Годы шли, подрастали другие дети, и все тот же старый Джозеф возил их в школу и из школы, – двоих, троих, а потом и четверых зараз. Барнсовскую двуколку, когда-то блестевшую лаком, а ныне уже довольно потрепанную и облезлую, знали во всей округе. Хозяйки и батраки со всех ферм между Даклой и Ред-Килном проверяли по ней часы. «Вон старый Джозеф повез барнсовских детишек в школу, значит, уже больше половины девятого!» или: «Верно, уже четвертый час: барнсовские детишки едут из школы». Старый Джозеф на козлах, выезжающий из ворот Торнбро или дожидающийся у почты, у вокзала или какой-нибудь даклинской лавки, представлял для местных жителей зрелище не менее привычное, чем закат и восход или поезд Пенсильванской железной дороги.

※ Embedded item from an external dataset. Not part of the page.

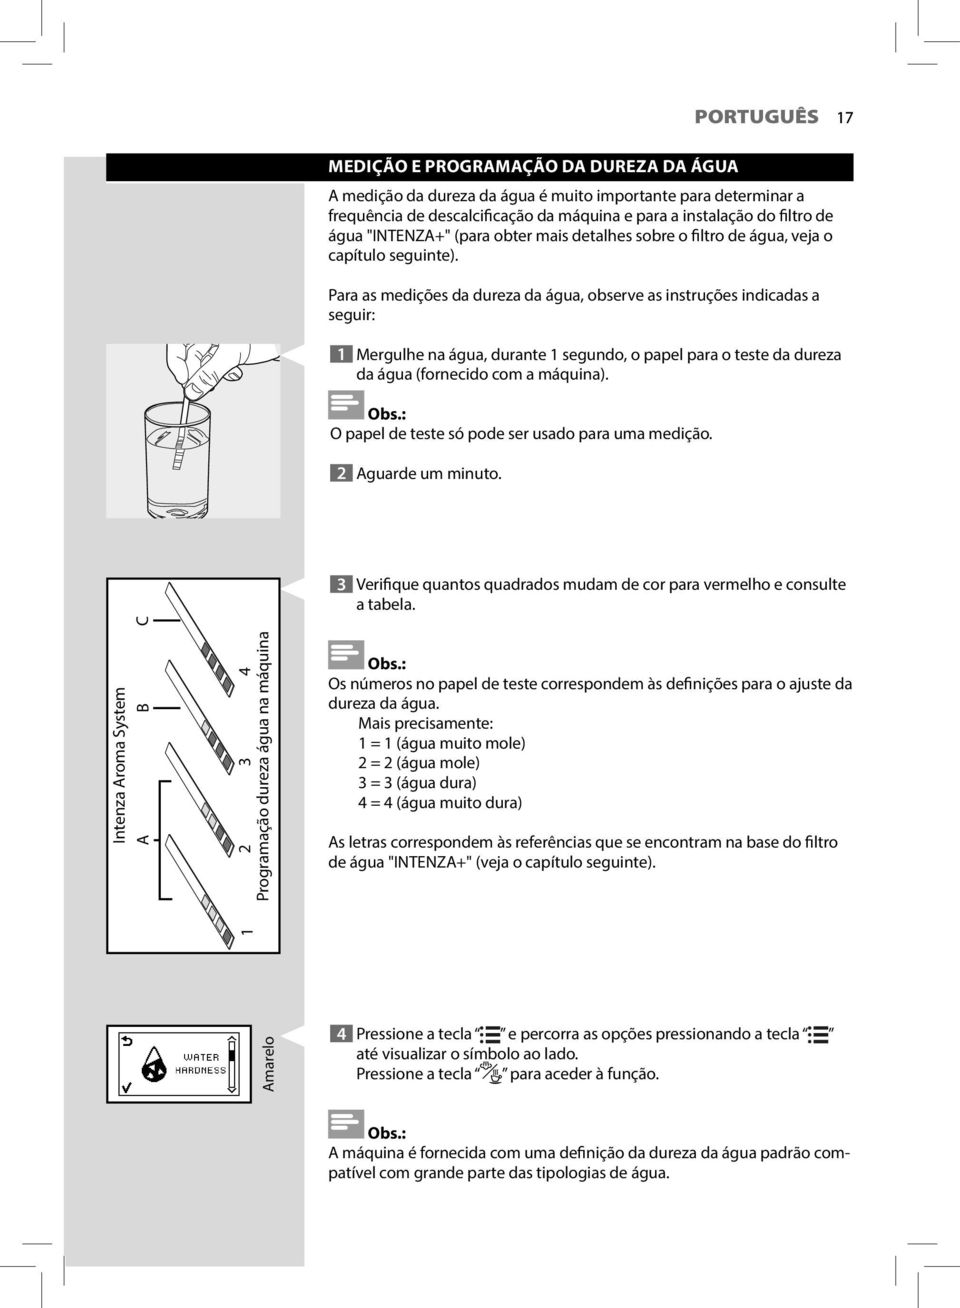 Para as medições da dureza da água, observe as instruções indicadas a seguir: 1 Mergulhe na água, durante 1 segundo, o papel para o teste da dureza da água (fornecido com a máquina). Obs.

В Джозефе и детях, так же как в Солоне и Бенишии, люди видели некий символ добропорядочности и благосостояния. Барнсы были зажиточными людьми, строго придерживались квакерских обычаев, и всякий мог рассчитывать у них на ласковый и радушный прием. Солон был не мастер на сладкие речи и чужд тех ухищрений, которыми покупается и удерживается внимание толпы, но люди умные и проницательные из любого общественного круга всегда чувствовали к нему расположение. Его хвалили за справедливое отношение к подчиненным, ценили за готовность помогать бедным и обездоленным (если они того заслуживали), он неизменно пользовался уважением своих собратьев по даклинской общине. Это был в полном смысле слова хороший человек – один из тех, кто служит оплотом Америки.

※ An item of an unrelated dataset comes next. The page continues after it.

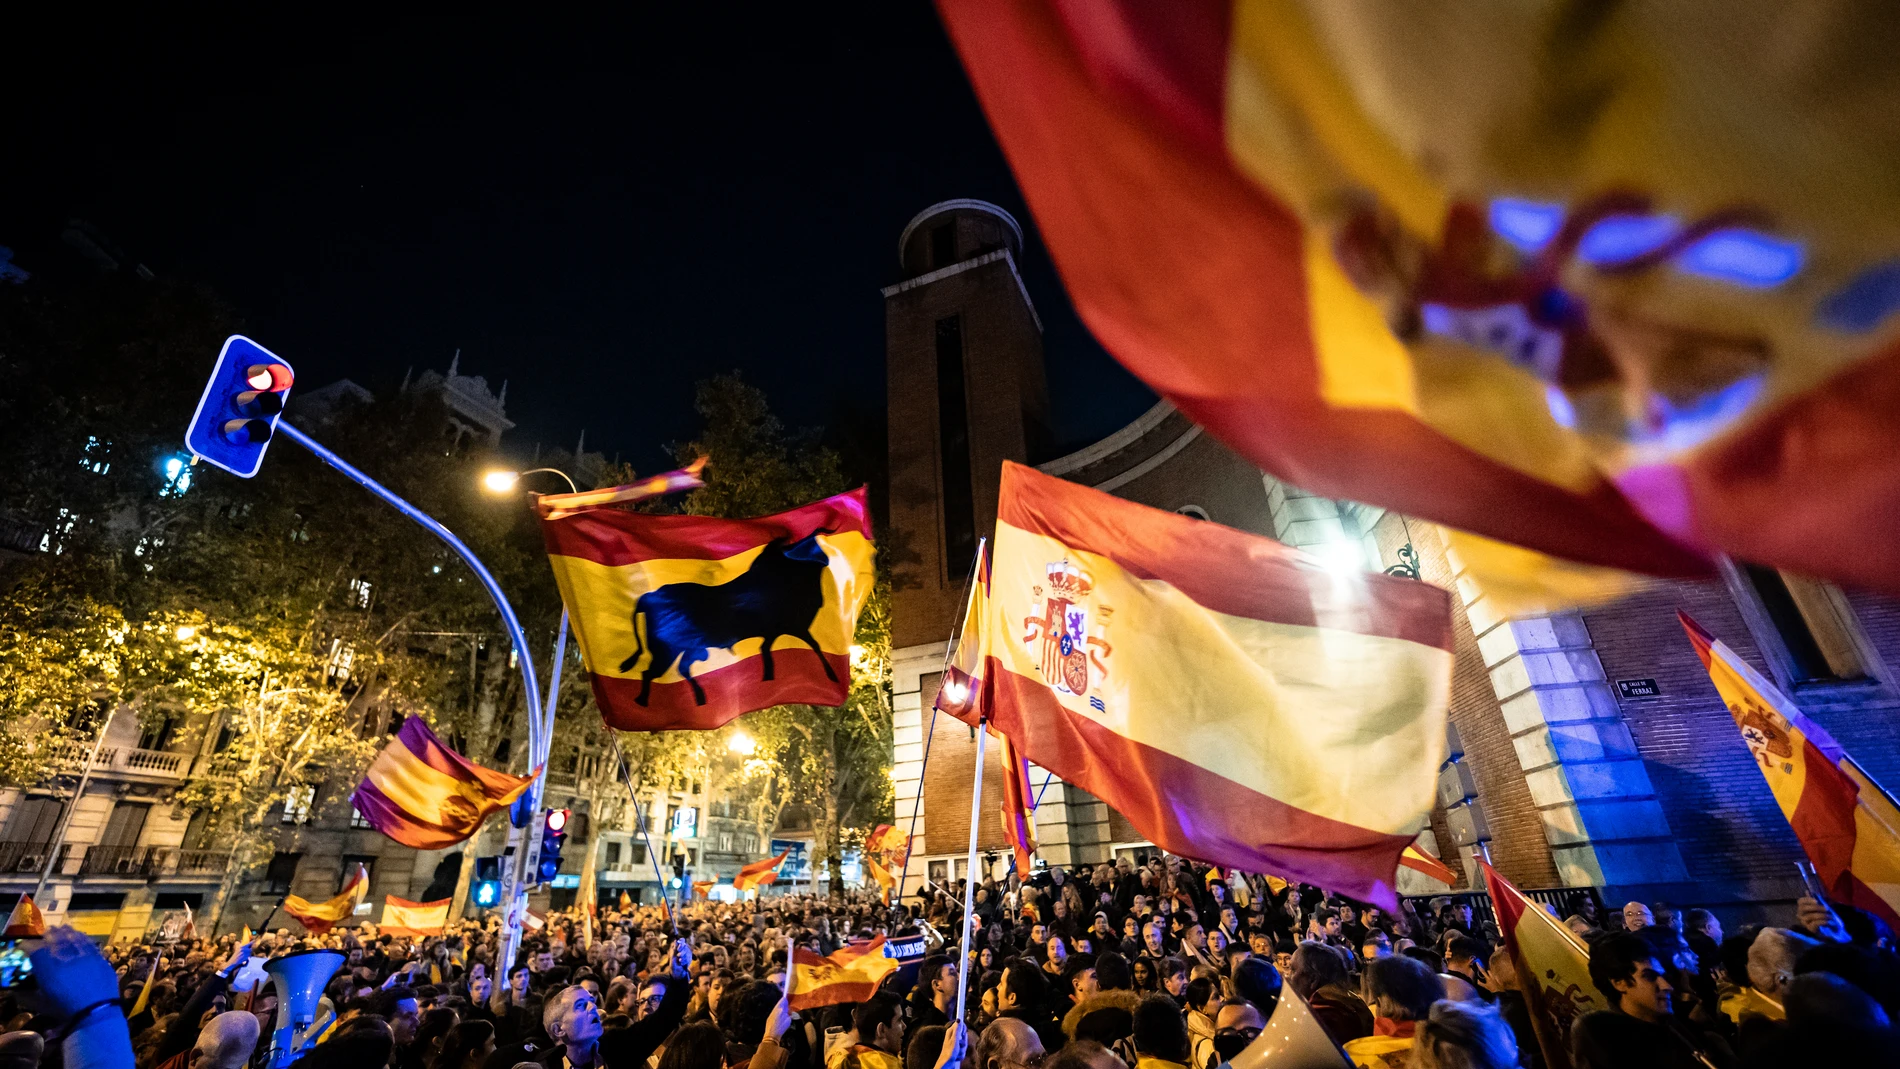 MADRID.-Termina la duodécima noche de manifestaciones en Ferraz sin incidentes reseñables y con un fuerte dispositivo policial

Первое свое отцовское огорчение Солон испытал тогда, когда понял, что Айсобел некрасива, не в пример своим младшим братьям и сестрам. И вот настало время, когда она сама поняла это. У нее был чересчур длинный нос, волосы тусклые, какого-то неопределенного пепельно-серого оттенка, цвет лица землистый, лоб в прыщах. Еще маленькой девочкой она не раз ощущала, что чем-то отличается от других, красивых детей, теперь же, в ред-килнской школе, ей с этим приходилось сталкиваться на каждом шагу. Мало-помалу она стала смутно догадываться, что эти тридцать пять мальчиков и девочек (в классе было примерно поровну тех и других) приходят в школу не только для того, чтобы учиться. Что-то еще происходило здесь, что-то гораздо более близкое человеческой природе, и проявлялось оно в постоянном соперничестве между мальчиками из-за благосклонности той или иной девочки.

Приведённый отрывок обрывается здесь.